We thank Ronald Allen, Omri Ben-Shahar, Brian Casey, Shari Seidman Diamond, Janet Freilich, Ezra Friedman, Yaniv Heled, William Hubbard, Dmitry Karshtedt, Mark Lemley, Jonathan Masur, Lisa Larrimore Ouellette, Anya Prince, W. Nicholson Price II, Rachel Sachs, Ana Santos Rutschman, David Schwartz, Michal Shur-Ofry, Matthew Spitzer, and Patti Zettler for helpful insights and comments. In addition, we are grateful for feedback from participants at the DePaul University College of Law faculty workshop, Georgetown University Law School Workshop on Empirical Methods and Patents, Georgia State University faculty workshop, Stanford Law School faculty workshop, The University of Chicago Law School law and economics workshop, 2018 Intellectual Property Scholars Conference (IPSC); CREATe Speaker Series at the University of Glasgow; Peking University School of Transnational Law Speaker Series; 2018 Regulation and Innovation in the Biosciences (RIBS) Conference at Washington University; University of Chicago–Tsinghua University Young Faculty Forum on Law & Social Science; and the University of Hong Kong Law & Technology Speaker Series. We also thank Michael Ellenberger for extraordinary research assistance.

Ryan Whalen
JD, PhD, Assistant Professor in the University of Hong Kong’s Faculty of Law.
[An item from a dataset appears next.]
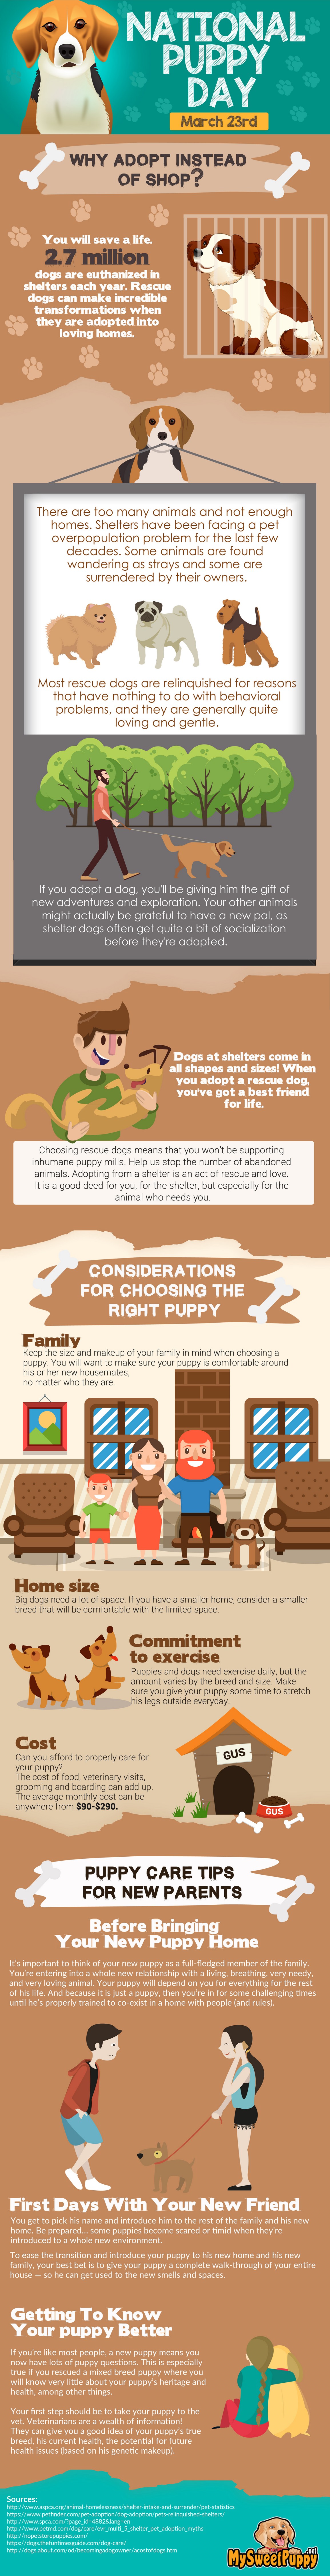 National_Puppy_day infographic
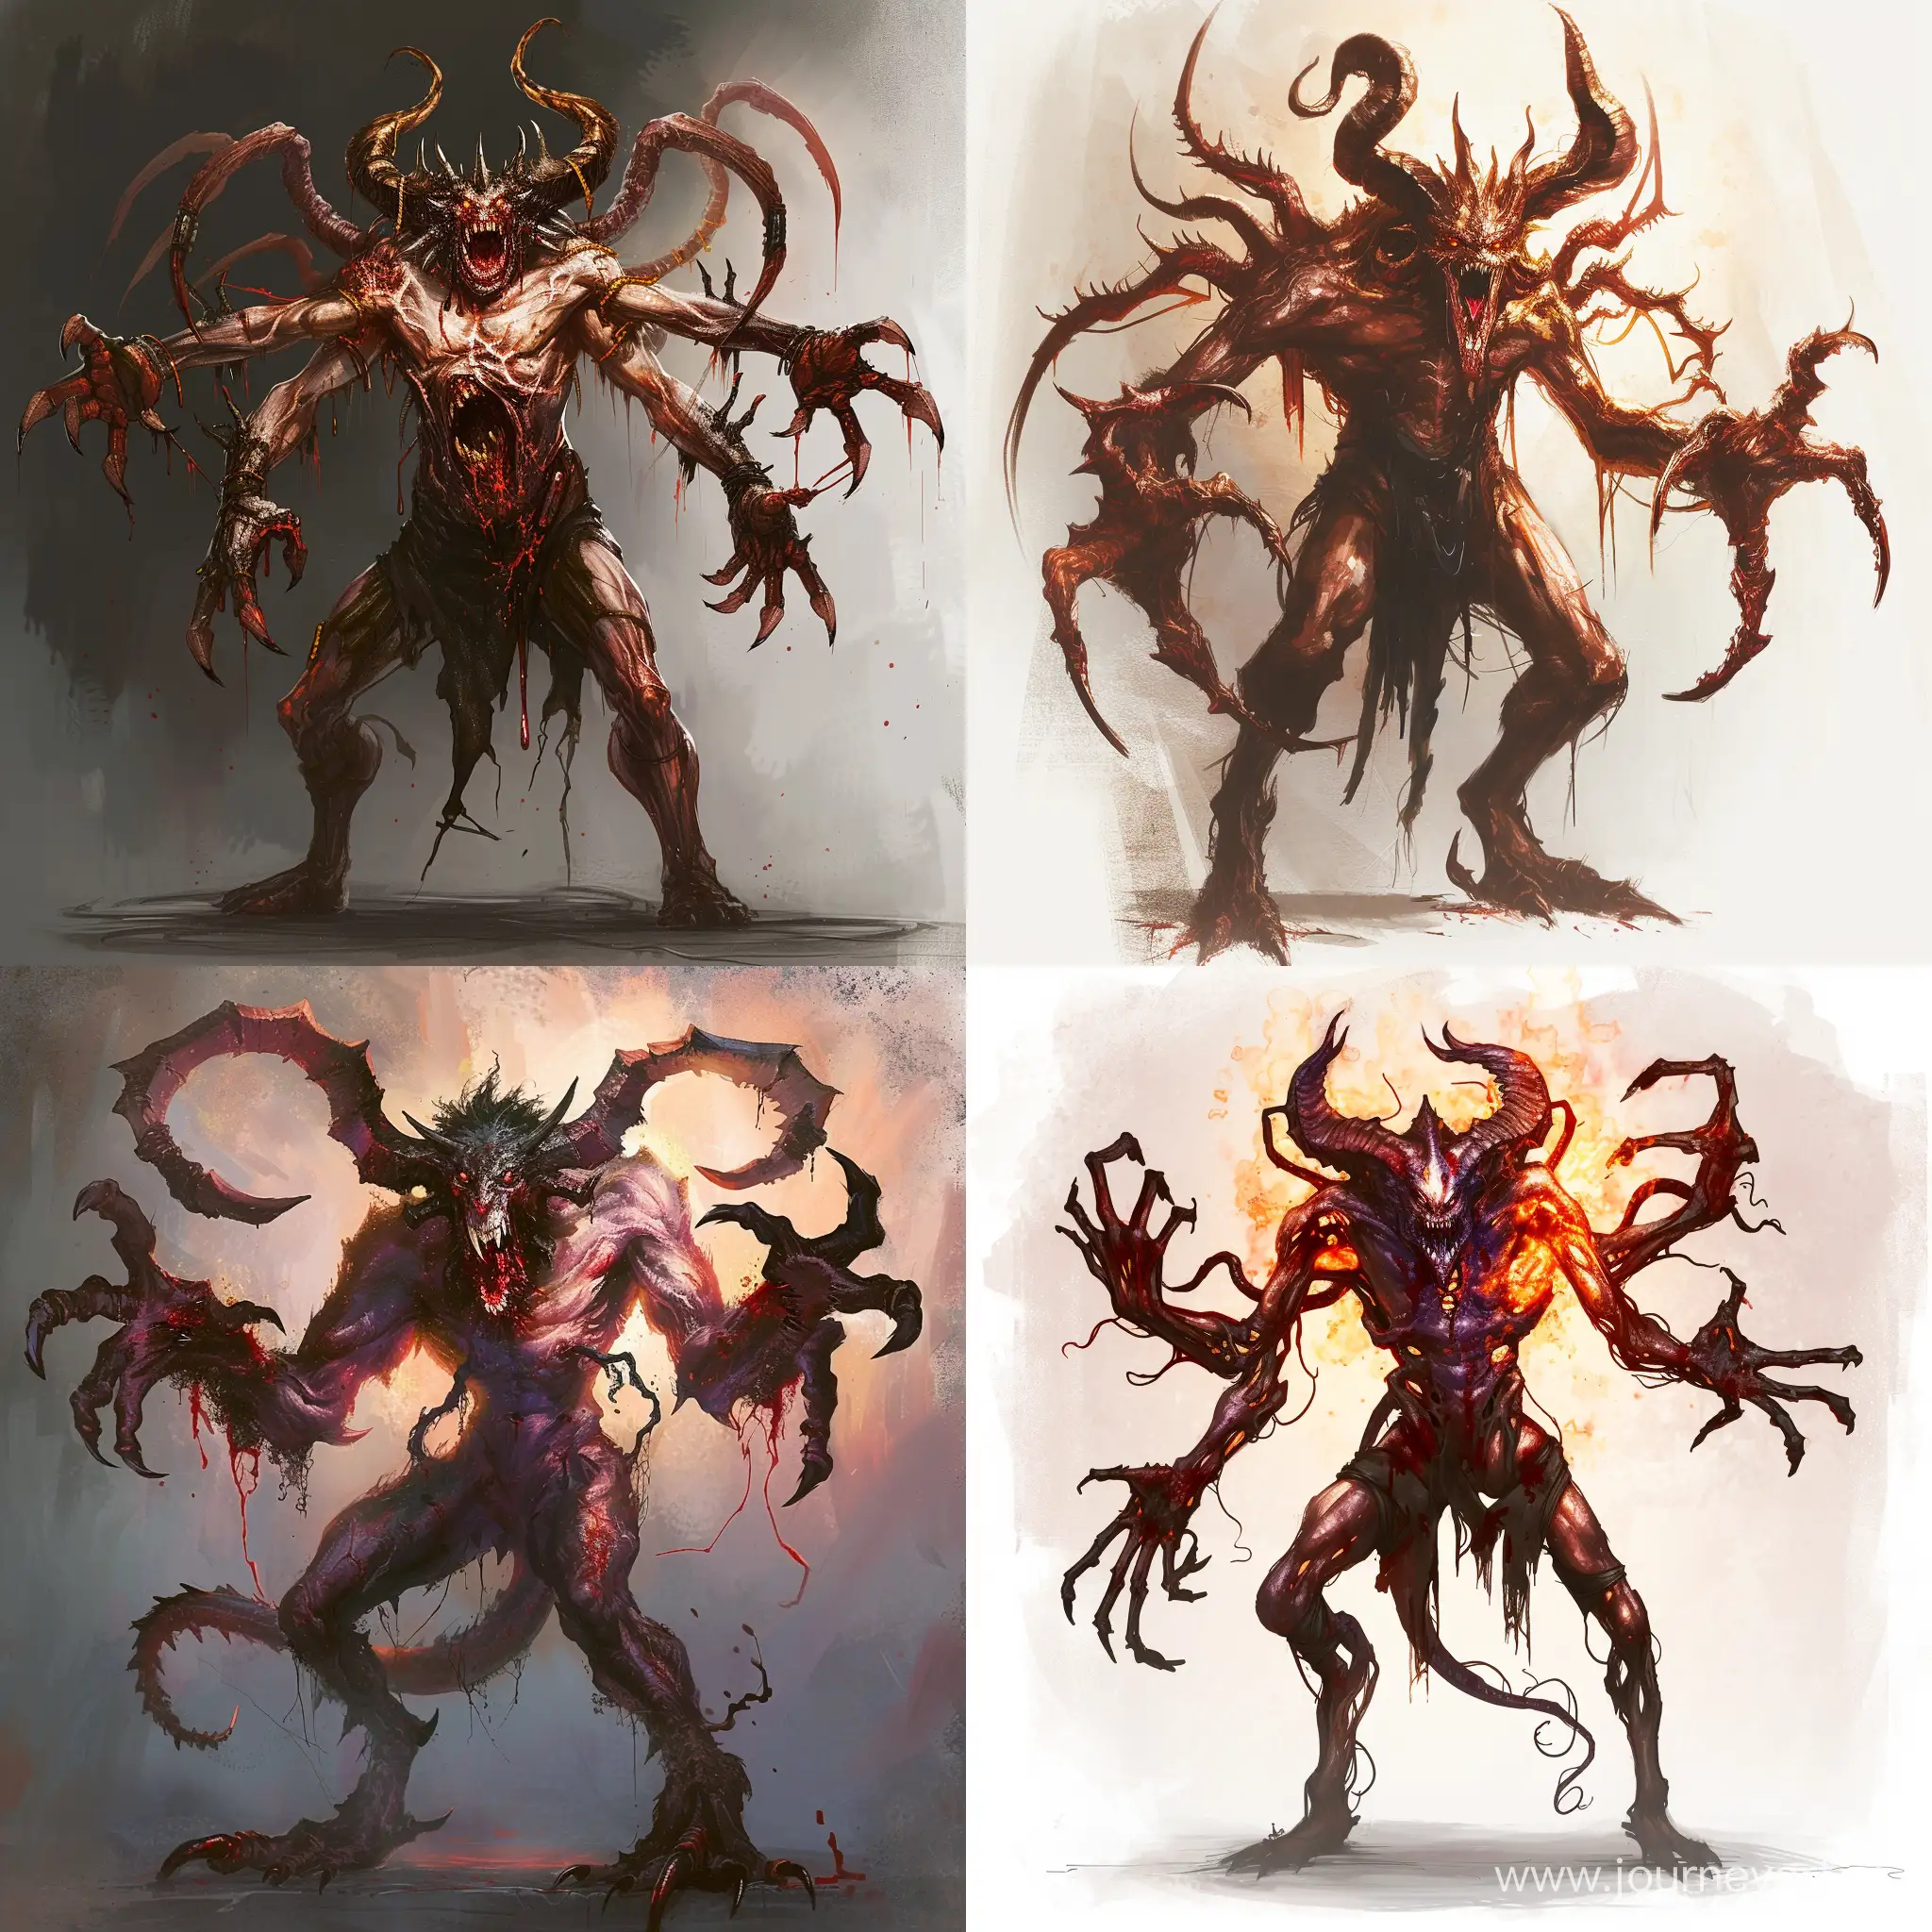 Realistic-4MeterTall-Aggressive-Demon-with-Multiple-Arms-for-Game-Art

In the United States, and in every single patent system in the world, one patentability doctrine—the nonobviousness doctrine—stands as the cornerstone of the patent bargain. This bargain ensures that the government only grants the monopoly associated with a patent when the inventor has created something sufficiently different from what came before.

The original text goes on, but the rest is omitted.